Friday, September 7, 2012

F&W’s Masters Series: Lessons from Grilling and BBQ Maven Elizabeth Karmel

“I use tongs like an extension of my hand,” says Hill Country chef and barbecue/grilling expert Elizabeth Karmel. Here she explains the difference between the two crafts and how to perfect both. F&W’s Masters Series: Lessons from Grilling and BBQ Maven Elizabeth Karmel Hill Country chef and barbecue/grilling expert Elizabeth Karmel. Photo courtesy of Cramer-Krasselt.

Whether it’s a tip on testing a gas connection or knowing when your brisket’s done, few know more about cooking over flames than Elizabeth Karmel—and fewer still can explain the hows and whys as clearly. The North Carolina native has been obsessed with fire cookery for nearly two decades. In the 2000s she brought Texas barbecue to the Northeast as the executive chef of Hill Country Barbecue and Market in New York City and Washington, DC. The author of three books on the subject also keeps a trove of information on her twin websites, elizabethkarmel.com and girlsatthegrill.com. Here she shares the differences between a rub, a mop and a sauce, plus why you should oil your food, not your grill grates.

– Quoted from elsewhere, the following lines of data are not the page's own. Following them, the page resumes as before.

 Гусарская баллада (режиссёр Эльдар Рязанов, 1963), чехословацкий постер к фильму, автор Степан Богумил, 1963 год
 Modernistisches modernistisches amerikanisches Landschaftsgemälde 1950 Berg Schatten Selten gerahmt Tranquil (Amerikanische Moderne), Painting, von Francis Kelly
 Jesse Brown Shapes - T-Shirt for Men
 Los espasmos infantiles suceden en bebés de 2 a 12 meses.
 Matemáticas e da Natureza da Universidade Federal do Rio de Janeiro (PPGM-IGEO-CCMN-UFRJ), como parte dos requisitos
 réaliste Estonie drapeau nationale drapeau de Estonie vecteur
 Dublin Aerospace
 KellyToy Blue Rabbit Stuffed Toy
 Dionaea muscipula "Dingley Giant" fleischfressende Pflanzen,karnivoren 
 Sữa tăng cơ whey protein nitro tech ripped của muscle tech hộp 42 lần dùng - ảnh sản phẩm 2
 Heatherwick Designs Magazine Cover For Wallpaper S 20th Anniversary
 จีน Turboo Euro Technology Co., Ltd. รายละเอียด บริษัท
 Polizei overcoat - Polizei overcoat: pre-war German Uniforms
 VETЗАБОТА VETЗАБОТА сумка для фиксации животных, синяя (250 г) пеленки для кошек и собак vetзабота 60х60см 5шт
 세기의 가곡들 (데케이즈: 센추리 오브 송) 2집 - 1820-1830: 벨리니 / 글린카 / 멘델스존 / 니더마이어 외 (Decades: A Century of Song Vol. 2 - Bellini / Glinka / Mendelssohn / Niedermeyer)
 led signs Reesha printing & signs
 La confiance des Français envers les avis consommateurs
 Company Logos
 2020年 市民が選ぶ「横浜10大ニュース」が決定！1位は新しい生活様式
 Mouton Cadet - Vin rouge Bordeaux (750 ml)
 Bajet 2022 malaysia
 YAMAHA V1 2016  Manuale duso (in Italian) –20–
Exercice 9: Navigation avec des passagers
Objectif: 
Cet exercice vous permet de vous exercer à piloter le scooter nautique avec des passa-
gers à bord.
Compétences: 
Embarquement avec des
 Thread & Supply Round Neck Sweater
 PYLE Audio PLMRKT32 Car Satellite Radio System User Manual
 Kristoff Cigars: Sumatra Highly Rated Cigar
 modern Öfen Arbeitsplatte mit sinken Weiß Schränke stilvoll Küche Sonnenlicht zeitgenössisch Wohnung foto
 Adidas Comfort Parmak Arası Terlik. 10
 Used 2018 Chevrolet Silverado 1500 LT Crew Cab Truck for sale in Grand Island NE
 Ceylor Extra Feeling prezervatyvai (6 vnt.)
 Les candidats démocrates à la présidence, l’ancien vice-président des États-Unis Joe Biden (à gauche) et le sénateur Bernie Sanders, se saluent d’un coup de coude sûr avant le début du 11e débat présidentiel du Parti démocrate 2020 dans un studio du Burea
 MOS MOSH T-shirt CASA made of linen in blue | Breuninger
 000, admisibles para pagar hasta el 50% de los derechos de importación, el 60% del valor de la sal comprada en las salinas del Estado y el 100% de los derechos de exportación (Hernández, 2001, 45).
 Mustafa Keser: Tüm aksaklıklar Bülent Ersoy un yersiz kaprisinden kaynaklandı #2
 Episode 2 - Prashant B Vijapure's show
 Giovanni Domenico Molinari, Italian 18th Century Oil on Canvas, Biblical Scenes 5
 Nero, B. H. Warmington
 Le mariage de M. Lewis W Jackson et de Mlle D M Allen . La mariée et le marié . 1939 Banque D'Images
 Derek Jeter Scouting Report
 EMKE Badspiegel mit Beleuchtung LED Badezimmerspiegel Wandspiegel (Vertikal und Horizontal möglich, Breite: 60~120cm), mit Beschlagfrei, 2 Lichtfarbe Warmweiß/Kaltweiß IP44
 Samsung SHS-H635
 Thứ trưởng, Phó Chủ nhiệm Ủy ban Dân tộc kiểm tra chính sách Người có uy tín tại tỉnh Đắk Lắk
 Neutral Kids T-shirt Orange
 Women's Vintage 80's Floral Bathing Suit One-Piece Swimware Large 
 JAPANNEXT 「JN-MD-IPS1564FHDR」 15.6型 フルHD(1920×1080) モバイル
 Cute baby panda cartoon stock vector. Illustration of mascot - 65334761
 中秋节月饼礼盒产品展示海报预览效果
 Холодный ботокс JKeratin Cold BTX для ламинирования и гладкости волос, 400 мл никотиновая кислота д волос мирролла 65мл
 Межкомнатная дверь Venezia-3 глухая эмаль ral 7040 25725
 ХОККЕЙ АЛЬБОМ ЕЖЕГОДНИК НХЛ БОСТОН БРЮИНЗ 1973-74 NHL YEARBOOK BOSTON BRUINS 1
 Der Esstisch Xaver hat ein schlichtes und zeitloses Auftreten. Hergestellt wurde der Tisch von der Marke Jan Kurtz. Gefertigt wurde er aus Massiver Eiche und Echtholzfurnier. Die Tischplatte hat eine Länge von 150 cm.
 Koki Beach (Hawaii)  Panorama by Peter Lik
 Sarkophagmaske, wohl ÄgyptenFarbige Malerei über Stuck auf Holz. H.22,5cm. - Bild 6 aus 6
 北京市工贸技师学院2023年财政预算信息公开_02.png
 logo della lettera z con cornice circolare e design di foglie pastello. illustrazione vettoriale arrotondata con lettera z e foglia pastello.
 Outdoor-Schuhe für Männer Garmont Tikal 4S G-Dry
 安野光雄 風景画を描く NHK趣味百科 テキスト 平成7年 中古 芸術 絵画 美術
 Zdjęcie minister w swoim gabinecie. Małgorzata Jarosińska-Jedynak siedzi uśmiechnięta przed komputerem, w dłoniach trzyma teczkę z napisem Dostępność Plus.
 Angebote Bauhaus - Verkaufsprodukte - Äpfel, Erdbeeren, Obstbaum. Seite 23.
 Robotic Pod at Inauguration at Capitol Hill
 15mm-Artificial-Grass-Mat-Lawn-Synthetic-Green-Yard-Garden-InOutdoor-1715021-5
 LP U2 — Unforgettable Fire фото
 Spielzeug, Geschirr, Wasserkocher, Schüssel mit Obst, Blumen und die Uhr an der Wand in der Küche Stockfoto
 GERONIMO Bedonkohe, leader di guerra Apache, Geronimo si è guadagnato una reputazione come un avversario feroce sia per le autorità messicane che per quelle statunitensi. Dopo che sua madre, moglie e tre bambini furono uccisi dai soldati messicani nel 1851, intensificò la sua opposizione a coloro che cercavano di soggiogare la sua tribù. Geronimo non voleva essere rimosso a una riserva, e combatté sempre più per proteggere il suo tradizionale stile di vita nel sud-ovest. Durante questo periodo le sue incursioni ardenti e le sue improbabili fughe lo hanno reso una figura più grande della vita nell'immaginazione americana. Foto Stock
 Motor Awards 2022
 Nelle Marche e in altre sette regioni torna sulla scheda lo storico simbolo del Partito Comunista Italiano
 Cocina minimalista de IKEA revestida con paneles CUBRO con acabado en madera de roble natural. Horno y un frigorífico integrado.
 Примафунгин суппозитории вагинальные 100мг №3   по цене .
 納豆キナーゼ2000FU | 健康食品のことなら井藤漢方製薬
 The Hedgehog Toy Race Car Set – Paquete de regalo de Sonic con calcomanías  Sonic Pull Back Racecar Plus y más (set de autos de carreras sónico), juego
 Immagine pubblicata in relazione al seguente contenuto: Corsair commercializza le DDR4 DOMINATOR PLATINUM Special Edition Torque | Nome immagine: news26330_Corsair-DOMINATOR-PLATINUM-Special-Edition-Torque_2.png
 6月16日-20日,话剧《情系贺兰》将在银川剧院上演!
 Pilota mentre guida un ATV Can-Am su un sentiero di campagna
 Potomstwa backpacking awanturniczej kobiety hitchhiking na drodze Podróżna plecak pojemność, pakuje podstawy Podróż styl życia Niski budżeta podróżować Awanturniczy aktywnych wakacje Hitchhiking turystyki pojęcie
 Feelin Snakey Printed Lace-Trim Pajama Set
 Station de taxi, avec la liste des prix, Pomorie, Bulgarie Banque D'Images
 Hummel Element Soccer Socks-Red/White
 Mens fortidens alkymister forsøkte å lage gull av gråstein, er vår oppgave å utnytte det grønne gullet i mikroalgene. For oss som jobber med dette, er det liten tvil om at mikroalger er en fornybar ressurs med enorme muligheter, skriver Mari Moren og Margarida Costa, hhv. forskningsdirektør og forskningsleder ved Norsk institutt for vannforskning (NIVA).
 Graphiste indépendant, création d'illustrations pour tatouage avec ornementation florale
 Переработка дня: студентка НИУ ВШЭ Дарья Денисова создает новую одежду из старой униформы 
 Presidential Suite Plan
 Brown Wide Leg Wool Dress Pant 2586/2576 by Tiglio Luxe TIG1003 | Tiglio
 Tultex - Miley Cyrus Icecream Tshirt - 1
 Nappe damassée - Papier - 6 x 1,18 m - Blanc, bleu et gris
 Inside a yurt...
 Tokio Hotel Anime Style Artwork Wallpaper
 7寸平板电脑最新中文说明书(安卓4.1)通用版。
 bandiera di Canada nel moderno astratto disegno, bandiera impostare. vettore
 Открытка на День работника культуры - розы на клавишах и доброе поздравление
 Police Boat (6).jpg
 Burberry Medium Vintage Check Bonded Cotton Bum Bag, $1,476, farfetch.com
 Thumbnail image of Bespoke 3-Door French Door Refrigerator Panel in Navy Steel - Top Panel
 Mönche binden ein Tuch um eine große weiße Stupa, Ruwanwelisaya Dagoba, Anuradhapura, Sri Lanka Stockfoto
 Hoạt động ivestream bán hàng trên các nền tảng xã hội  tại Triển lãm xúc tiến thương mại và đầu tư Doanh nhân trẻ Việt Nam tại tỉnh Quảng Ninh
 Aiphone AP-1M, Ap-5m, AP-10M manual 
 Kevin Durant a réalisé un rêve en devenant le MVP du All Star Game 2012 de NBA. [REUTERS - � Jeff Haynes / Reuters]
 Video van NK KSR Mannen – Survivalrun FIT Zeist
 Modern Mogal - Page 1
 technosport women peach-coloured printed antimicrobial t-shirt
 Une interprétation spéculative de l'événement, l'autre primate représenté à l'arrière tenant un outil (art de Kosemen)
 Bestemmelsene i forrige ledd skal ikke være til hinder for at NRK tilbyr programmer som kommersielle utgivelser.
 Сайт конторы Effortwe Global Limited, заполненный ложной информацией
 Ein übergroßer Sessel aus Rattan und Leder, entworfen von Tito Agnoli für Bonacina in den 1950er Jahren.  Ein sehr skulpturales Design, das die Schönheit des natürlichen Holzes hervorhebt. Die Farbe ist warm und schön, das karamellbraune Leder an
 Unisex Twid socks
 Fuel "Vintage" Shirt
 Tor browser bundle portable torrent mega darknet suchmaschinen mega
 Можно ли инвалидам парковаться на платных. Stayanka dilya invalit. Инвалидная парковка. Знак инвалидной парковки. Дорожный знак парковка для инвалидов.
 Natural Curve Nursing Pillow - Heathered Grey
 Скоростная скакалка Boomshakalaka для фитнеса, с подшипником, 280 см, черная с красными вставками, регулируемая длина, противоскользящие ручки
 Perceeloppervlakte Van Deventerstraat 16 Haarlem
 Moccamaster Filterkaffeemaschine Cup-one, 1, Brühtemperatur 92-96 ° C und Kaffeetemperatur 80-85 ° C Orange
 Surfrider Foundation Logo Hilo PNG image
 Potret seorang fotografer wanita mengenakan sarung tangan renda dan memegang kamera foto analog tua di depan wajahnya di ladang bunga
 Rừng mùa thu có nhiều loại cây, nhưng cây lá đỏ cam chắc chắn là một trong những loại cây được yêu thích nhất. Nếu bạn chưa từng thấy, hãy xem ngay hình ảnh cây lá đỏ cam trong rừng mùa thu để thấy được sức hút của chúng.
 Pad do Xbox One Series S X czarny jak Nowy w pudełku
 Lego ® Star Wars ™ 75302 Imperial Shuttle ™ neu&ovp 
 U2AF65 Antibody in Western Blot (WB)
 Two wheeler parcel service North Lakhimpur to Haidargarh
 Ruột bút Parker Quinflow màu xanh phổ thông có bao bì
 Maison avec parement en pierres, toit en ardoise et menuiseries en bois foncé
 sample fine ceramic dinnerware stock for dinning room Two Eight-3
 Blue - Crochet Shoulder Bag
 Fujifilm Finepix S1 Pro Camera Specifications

I was living in New Orleans, and I was missing my North Carolina pulled pork. I realized that I was going to have to teach myself how to make it if I was going to have it more than a couple of times a year when I went home to visit. So I decided to give it a try in my backyard. I took a Boston butt (and I’ll tell the blasphemous truth: I put it on a gas grill with some wood chips) and basically let it cook using indirect heat until the whole outside was covered with beautiful rendered fat that looked like cracklins. The outside was crunchy, and inside the meat was so tender, all you had to do was use two forks to pull it—into pulled pork! Then I made the Lexington-style dip, a.k.a. the vinegar barbecue sauce, which I grew up with. I made that by taste memory, too. I loved what I tasted, and I fed a whole houseful of hungry folks who proclaimed it just as good as any pulled pork they’d had in North Carolina. That was the beginning of my barbecue love story.

Barbecue is a culture and a lifestyle, it’s not just about the food—it is an authentic community. Even at competitions, which are very competitive, everyone is family. If you run out of something or forget a spice or a tool, your neighbor will loan it to you if they have it. Nobody’s trying to sabotage anyone—or if they do, they don’t stay in the community for very long.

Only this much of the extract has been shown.